Aber nicht nur in der Analyse und Beantwortung der individuellen Schlaf- und Ruhebedarfe der Kinder stehen Fachkräfte vor einer großen Herausforderung. Wichtig ist vor allem auch, dass ein guter und ausgewogener Alltag für die Kinder vorbereitet wird, der das Schlafen und Ruhen für alle Kinder sinnvoll integriert.

Doch wie kann eine ganze Kindergruppe optimal in den Schlaf oder zur Ruhe begleitet werden? Wie lassen sich unterschiedliche Schlafausprägungen bei den Kindern in eine gute Gruppendynamik ableiten? Wie können die zum Teil sehr unterschiedlichen Vorstellungen und Erwartungen der Eltern zum Kinderschlaf in den Kita-Alltag integriert bzw. wie kann ein gemeinsamer Nenner dazu gefunden werden? Wie sieht überhaupt der richtige Weg aus: sollen alle Kinder schlafen oder nicht? Wie lange, d.h. auch bis zu welchem Alter sollen Kinder schlafen? Und wie sieht das mit der Frage nach dem Wecken aus? Diese und viele weitere Fragen rund um das Thema müssen täglich beantwortet werden. In diesem Artikel wird es darum gehen, die Konsequenzen für die Kita-Praxis aus den eben gestellten Fragen in groben Zügen zu skizzieren und daraus Empfehlungen für die Politik, Ausbildung und Praxis zu formulieren.

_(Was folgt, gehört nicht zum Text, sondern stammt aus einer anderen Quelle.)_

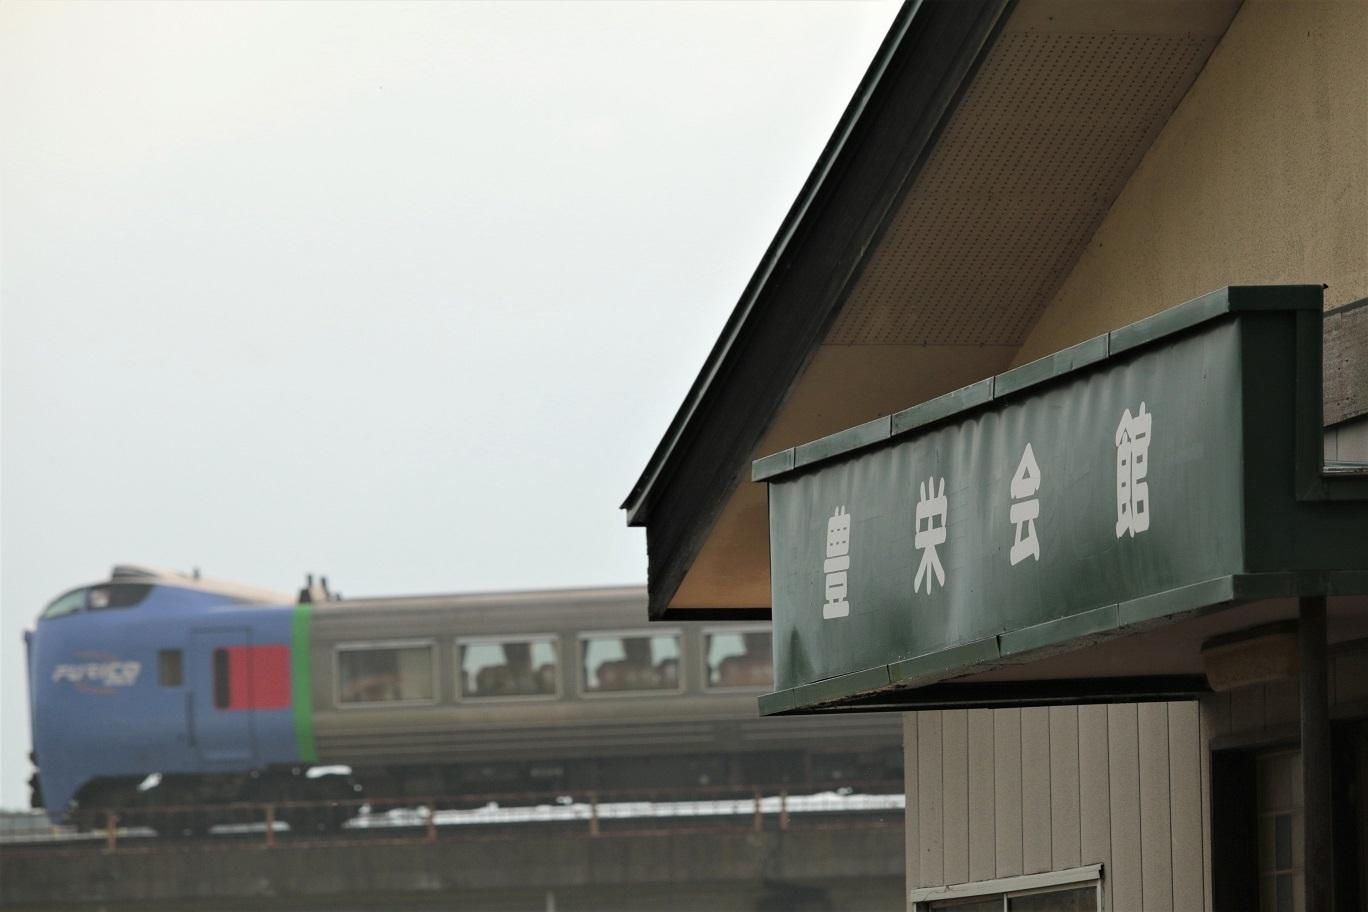 4001D283系おおぞら 追分~南千歳 20.08.07 (4)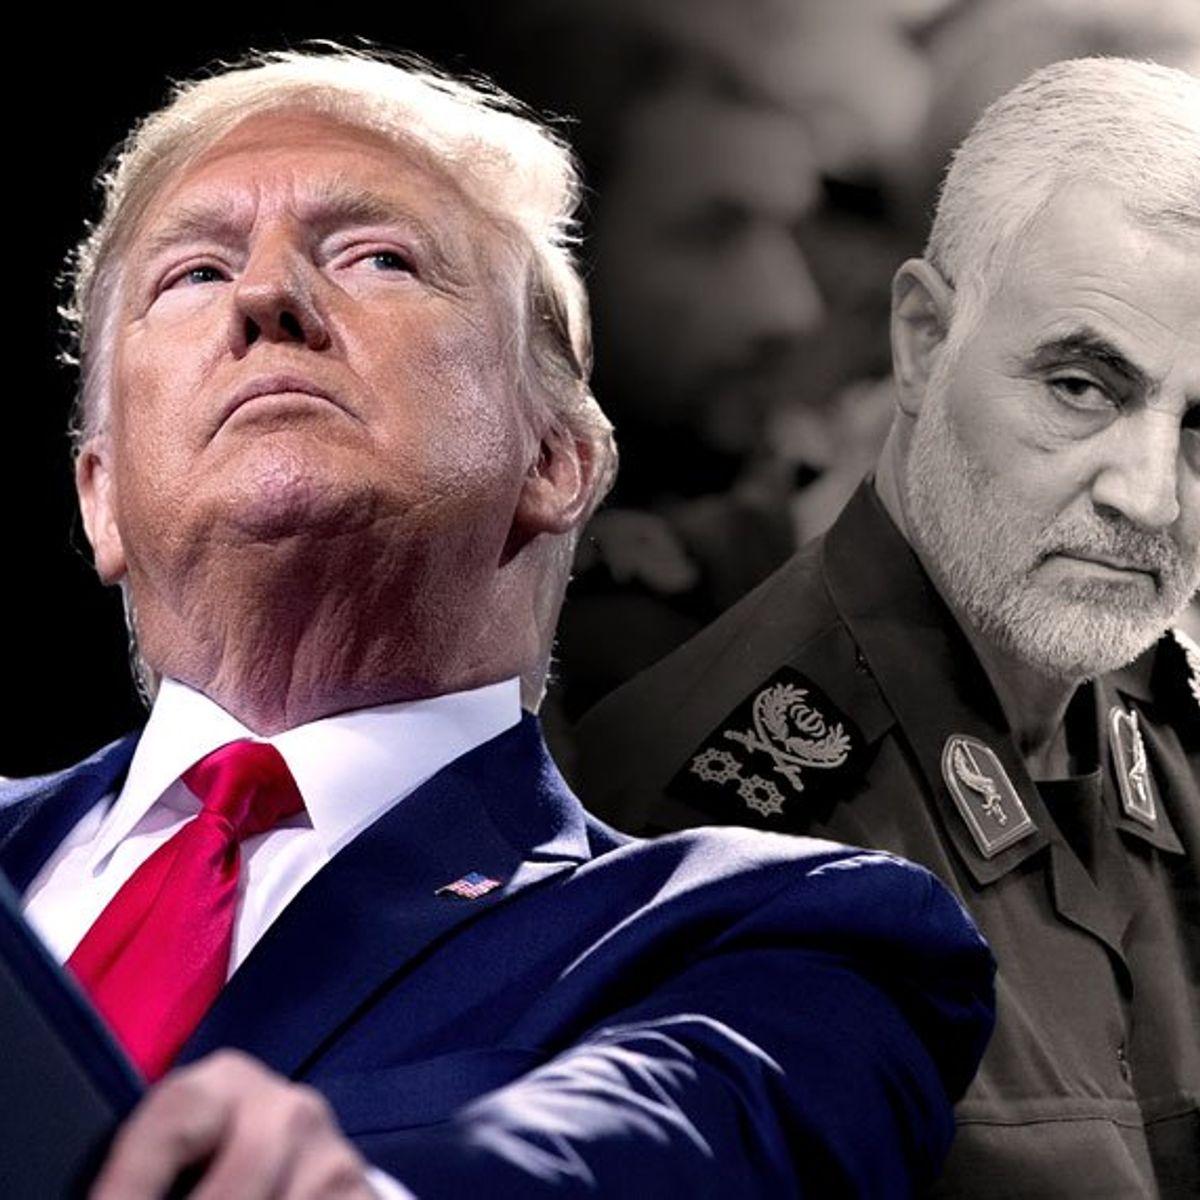 Emiten orden de arresto contra Donald Trump por asesinato de Qassem Soleimani

Eine Anleitung zur praktischen Gestaltung der Mikrotransition in den Schlaf (Übergang vom Mittagessen in den Schlafraum und responsive Begleitung der Kinder in den Schlaf) und die damit verbundenen Herausforderungen, eine große Kindergruppe im Übergang professionell zu begleiten, wird an dieser Stelle nicht aufgegriffen. Dieser Prozess wird ausführlich im Fachbuch von Kramer & Gutknecht (2016) beschrieben.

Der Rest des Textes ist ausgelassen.